/---

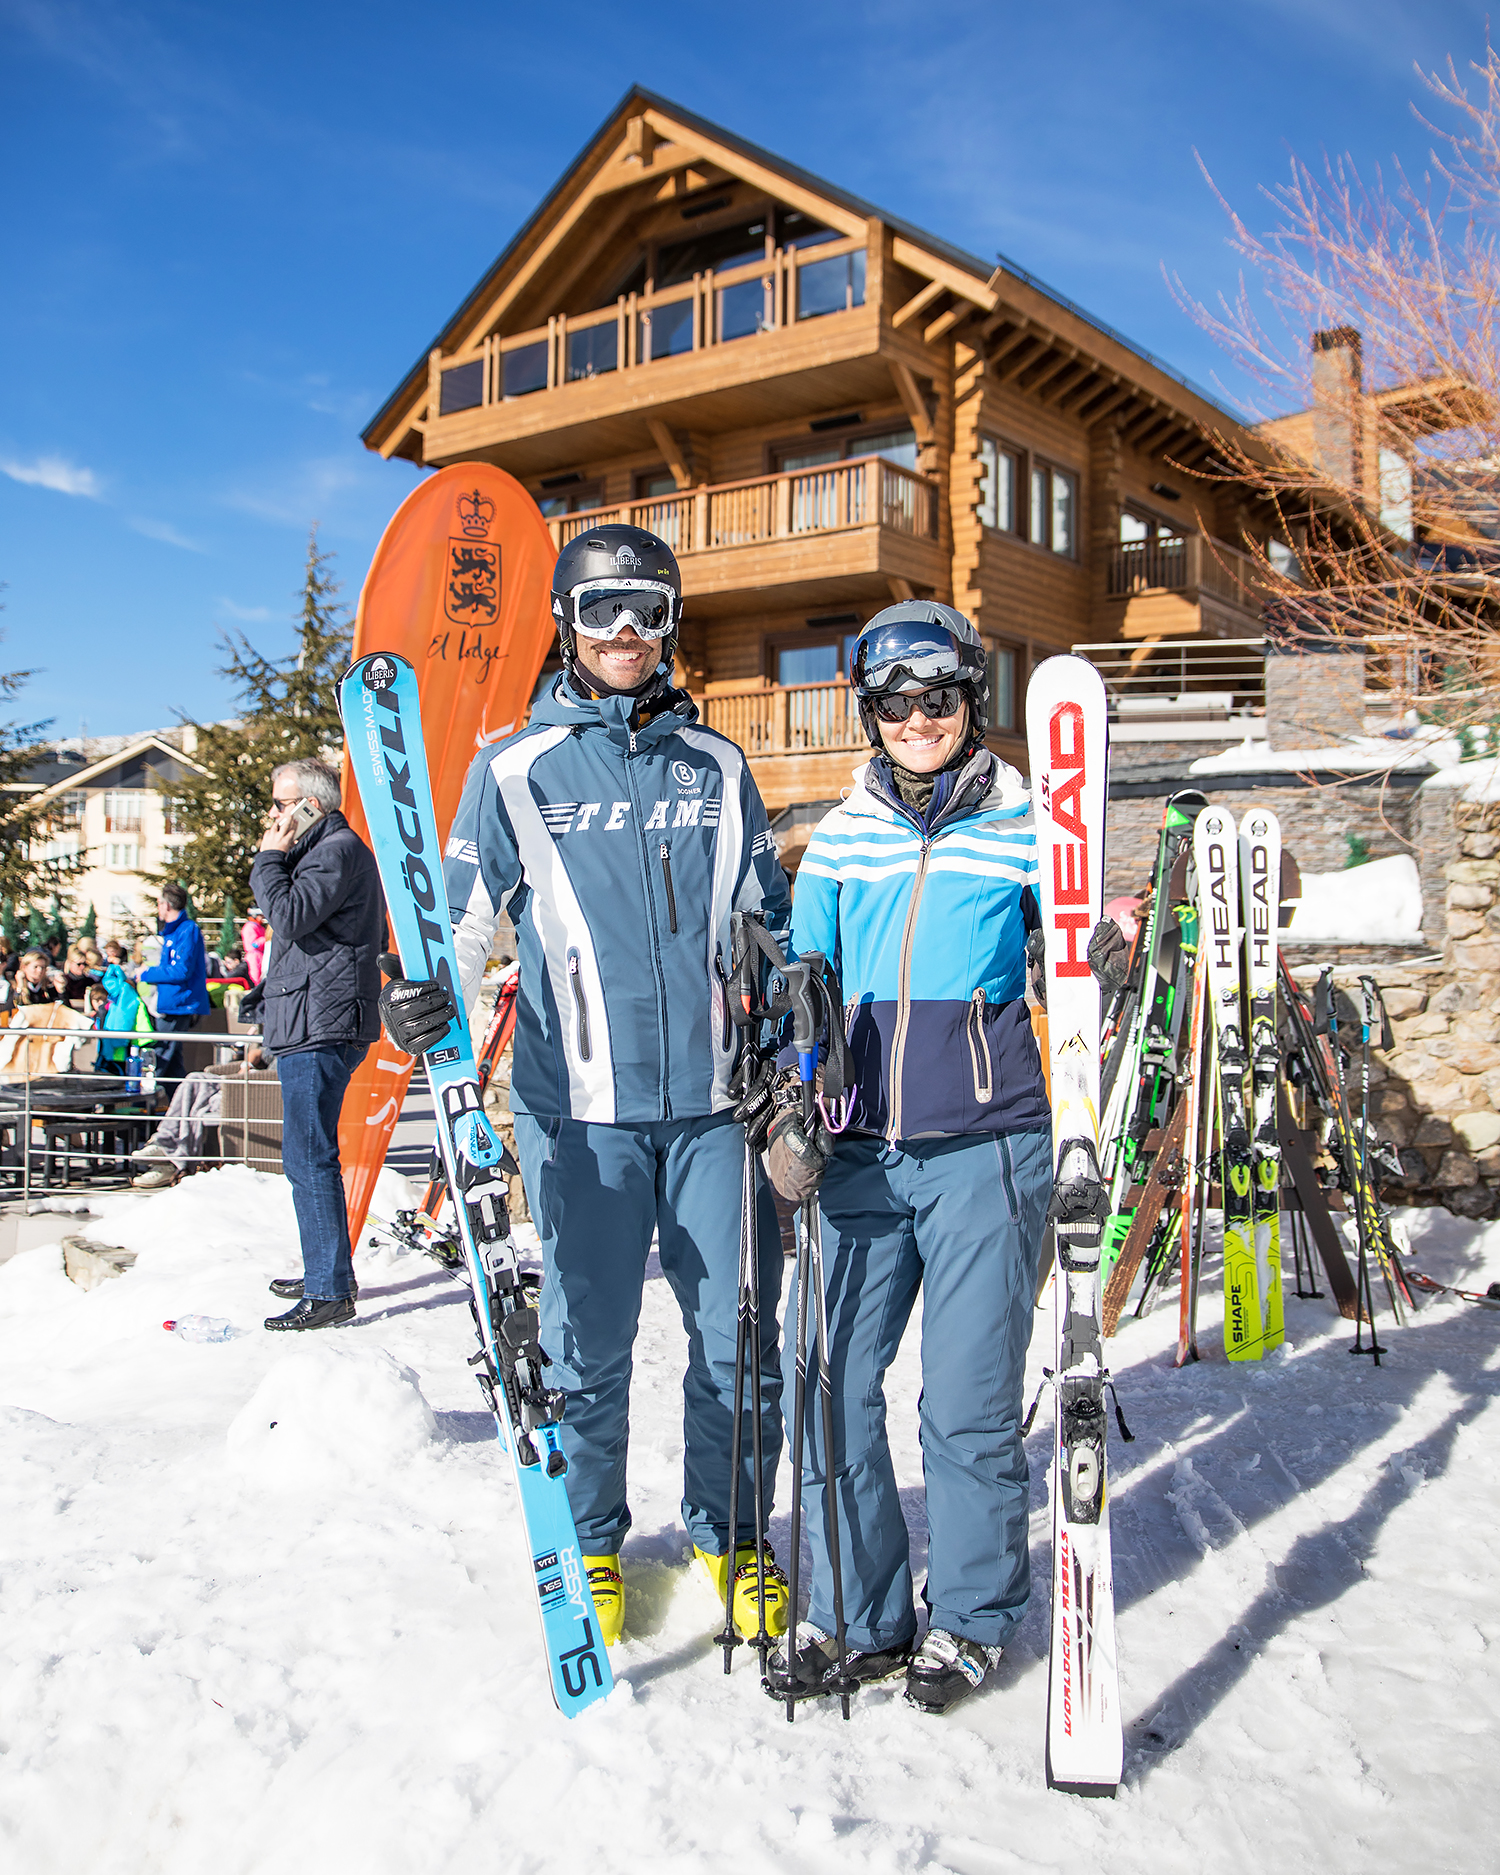 Our Ski Resort - El Lodge
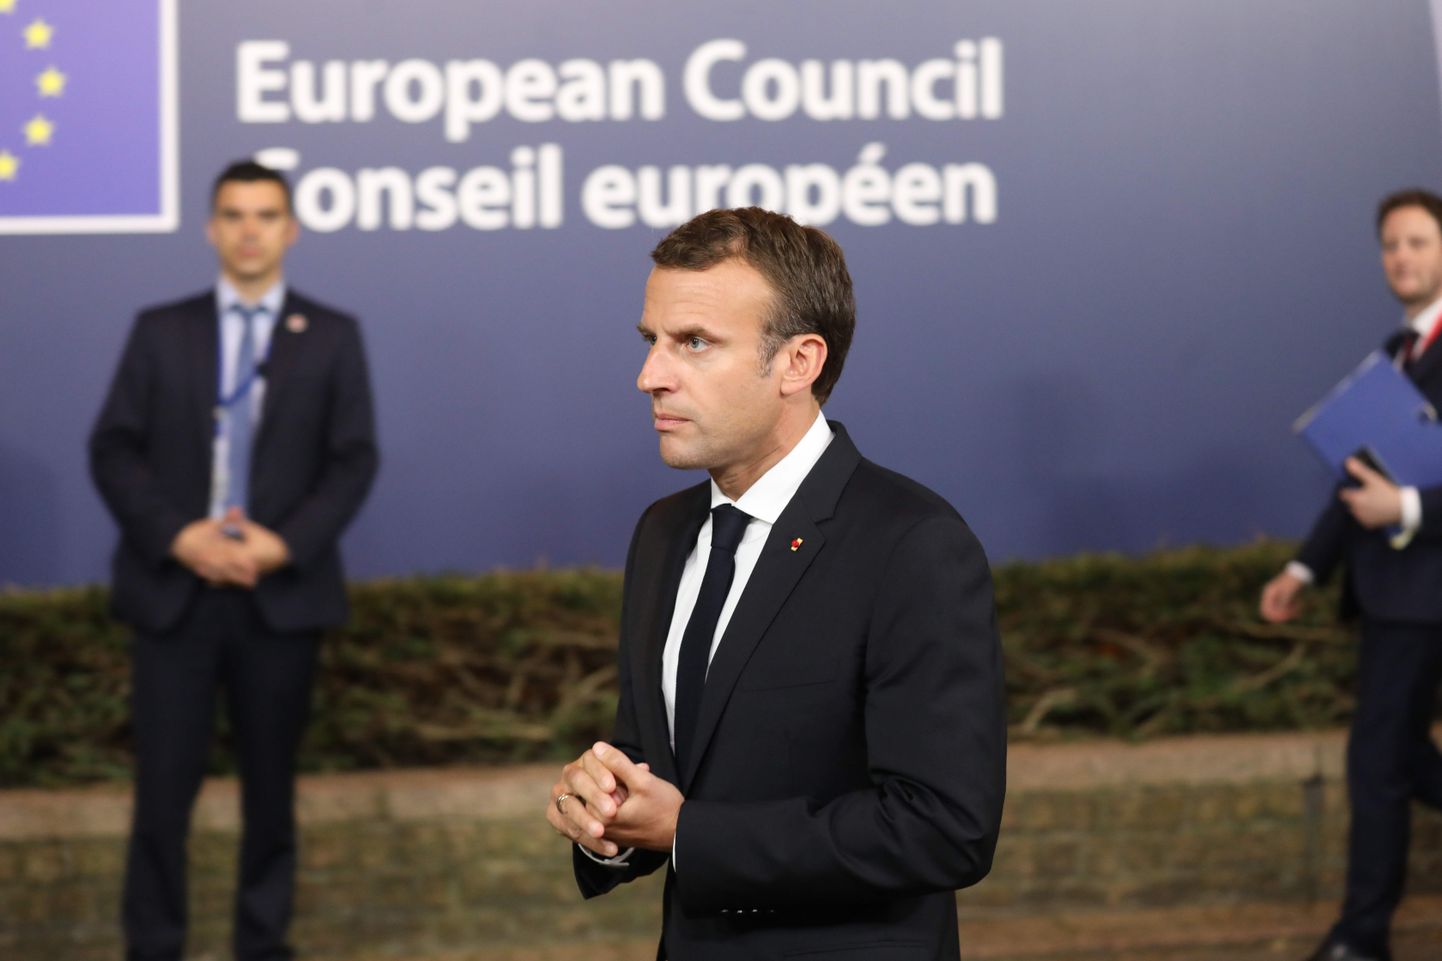 Täna arutatakse Euroopa Ülemkogul Prantsusmaa presidendi Emmanuel Macroni euroala reformikava.
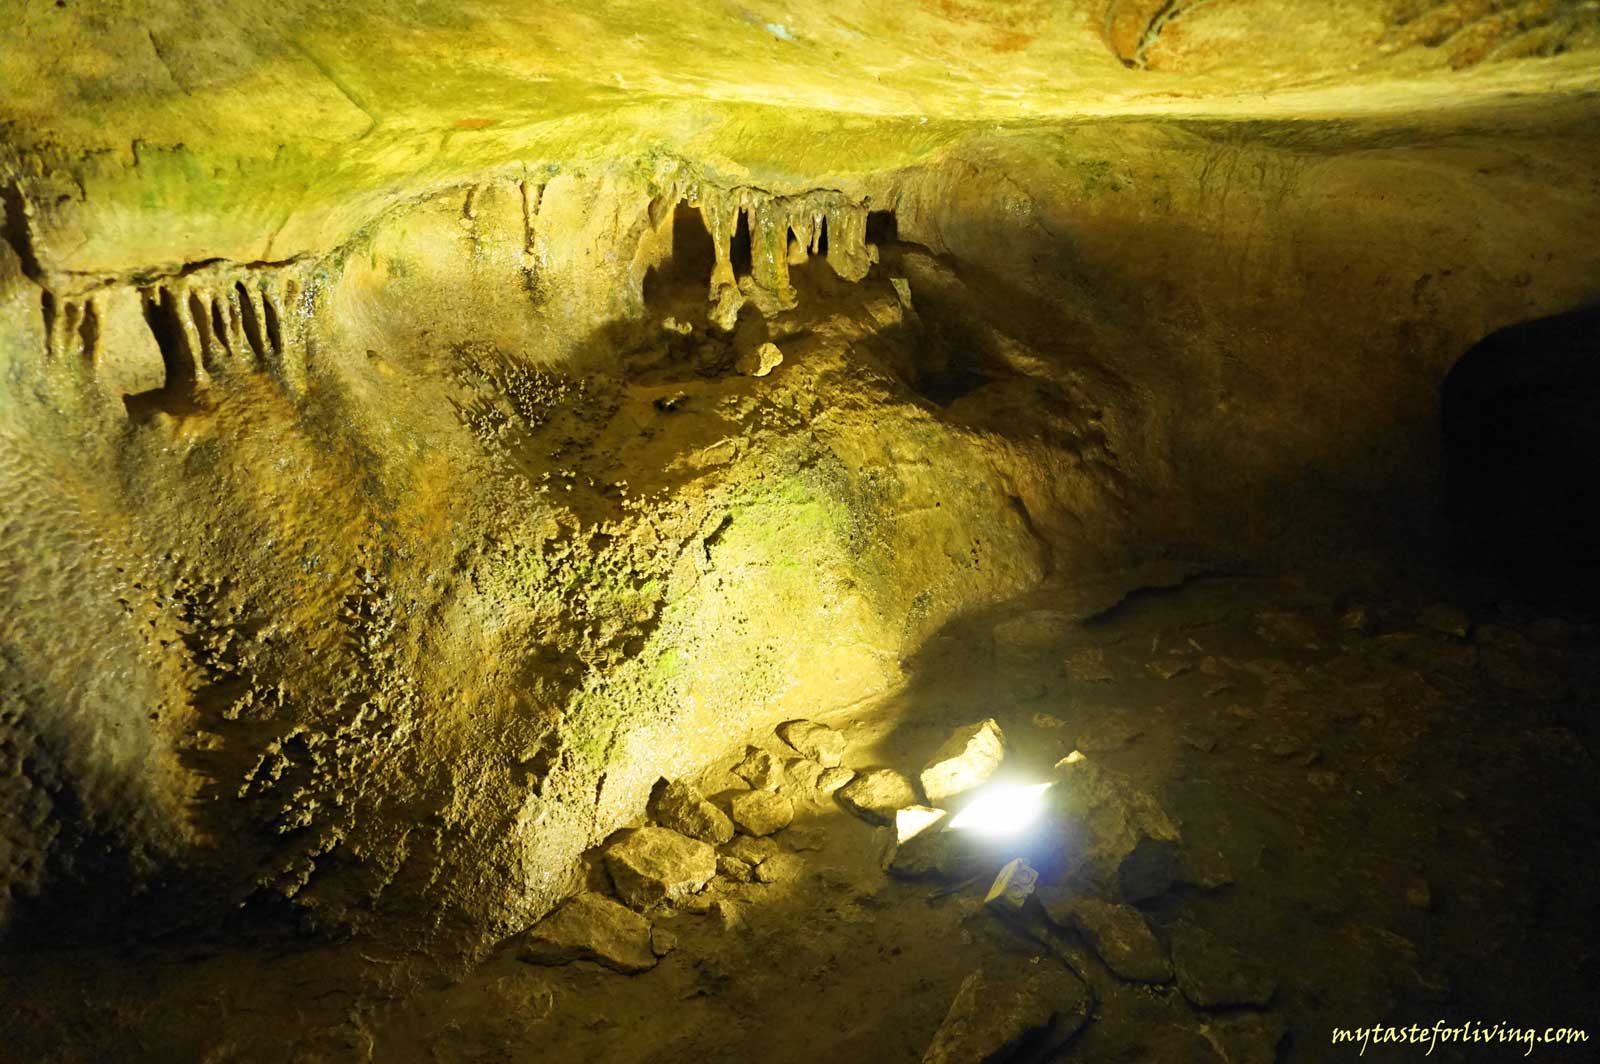 Пещера Орлова чука се намира на около 40 км от Русе, в природния парк Русенски Лом, близо до село Пепелина, на левия склон на река Черни Лом. Обявена за природна забележителност и археологически паметник на културата от национално значение, днес тя е втората по големина пещера в България.

\---

> _WHAT TO WORK ON_:
Working from the lines above, reproduce the material exactly and exclude its pictures.

> _WRITTEN ANSWER_:
 Our Ski Resort - El Lodge
 Täna arutatakse Euroopa Ülemkogul Prantsusmaa presidendi Emmanuel Macroni euroala reformikava.
 Пещера Орлова чука се намира на около 40 км от Русе, в природния парк Русенски Лом, близо до село Пепелина, на левия склон на река Черни Лом. Обявена за природна забележителност и археологически паметник на културата от национално значение, днес тя е втората по големина пещера в България.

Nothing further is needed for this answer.